If there were any doubt that Facebook is in a trust crisis, it was wiped away by a series of defensive, apologetic blog posts from the company on Monday. In the most frank of the posts, product manager Samidh Chakrabarti identifies foreign interference, misinformation and political polarization as three aspects of social media that threaten not just trust in Facebook, but in democracy. All three, Chakrabarti admits, played an outsized role in the 2016 US Presidential election, and they pose a danger for democratic elections to come.

On Tuesday, COO Sheryl Sandberg told a Brussels audience that the company would do more to boost privacy and prevent abuse on its site, including hiring 20,000 people by the end of the year to monitor and remove harmful content, plus a corresponding investment in artificial intelligence.

“We know that tech companies need to do better and that we at Facebook need to do better. We have a lot to improve,” Sandberg said. “We have not done enough to stop abuse of our technology.”

Trust in media platforms is collapsing

Why is Facebook concerned? A new Edelman study argues that trust in media has eroded in countries worldwide.
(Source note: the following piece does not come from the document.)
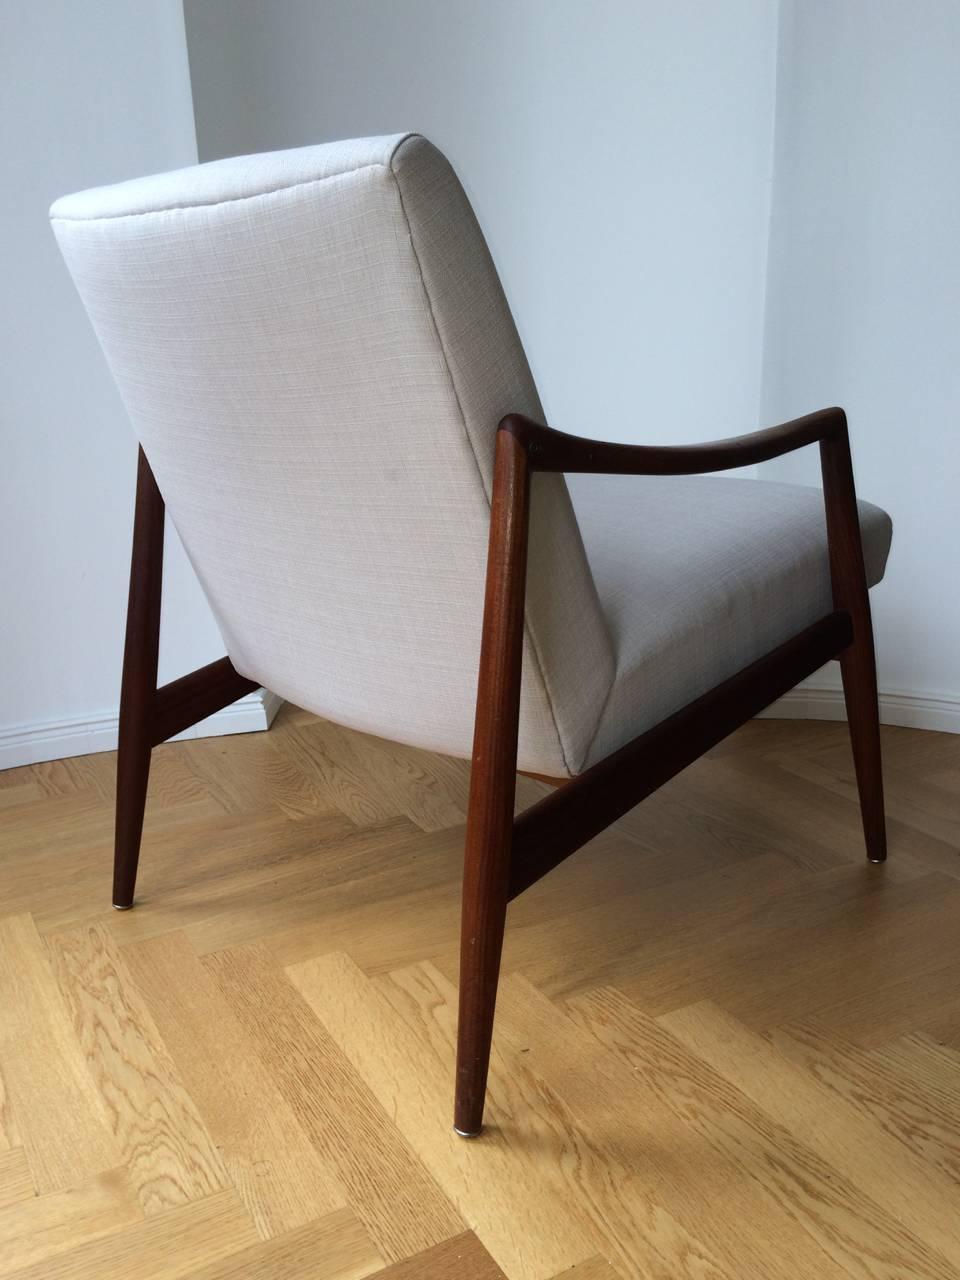 Mid-Century Teak Easy Chair by Hartmut Lohmeyer for Wilkhahn New Upholstery 1960 For Sale 2

The sharpest year-over-year decline in overall trust in institutions has been in the United States, which is in a “trust collapse.” Social platforms like Facebook and search platforms like Google are viewed as part of the media in general and as the least trustworthy part.

While platforms were briefly seen as more trustworthy than journalism, platforms now have a widening credibility gap, as users worry about false information and their own ability to sort good sources from bad. In all but a few countries, when it comes to trust in media, social media has gone from being part of the solution to the core of the problem.

Edelman’s trust study illuminates the dilemmas faced by Facebook and other social media platforms. Increasingly, they’re identified with the news and entertainment media they distribute; they provide information to an audience that’s increasingly disconnected from the news and a connected audience that’s increasingly skeptical of all media. They’re vulnerable to manipulation by bad actors, who exploit news discovery algorithms for their own ends. They take the blame for news failures and the losses of trust that result. Facebook’s changes to its News Feed could be seen as a version of Edelman’s suggested remedy for this trust collapse: guard information quality, protect consumers, and safeguard privacy. Facebook’s defensive crouch might be its best strategy as it seeks to regain its users’ trust.

To be fair, Edelman’s 2018 Trust Barometer has little good news for anyone, apart from isolated sectors in individual countries. (As a company, it’s known for its skills at crisis response and management; it’s no small wonder it’s equally capable of identifying a crisis that demands a response.) But the picture of trust in social media platforms is especially bleak.

Media is now the least trusted institution worldwide, and distrusted by a majority of the population in 22 of the 28 countries surveyed. Out of those surveyed, 63 percent say they can’t tell the difference between good journalism and rumor or falsehoods, with 59 percent saying this process is becoming harder. Only 36 percent say that media is doing a good or very good job of guarding information quality, with 59 percent saying that because of media’s failures, they’re no longer sure what’s true and what’s not.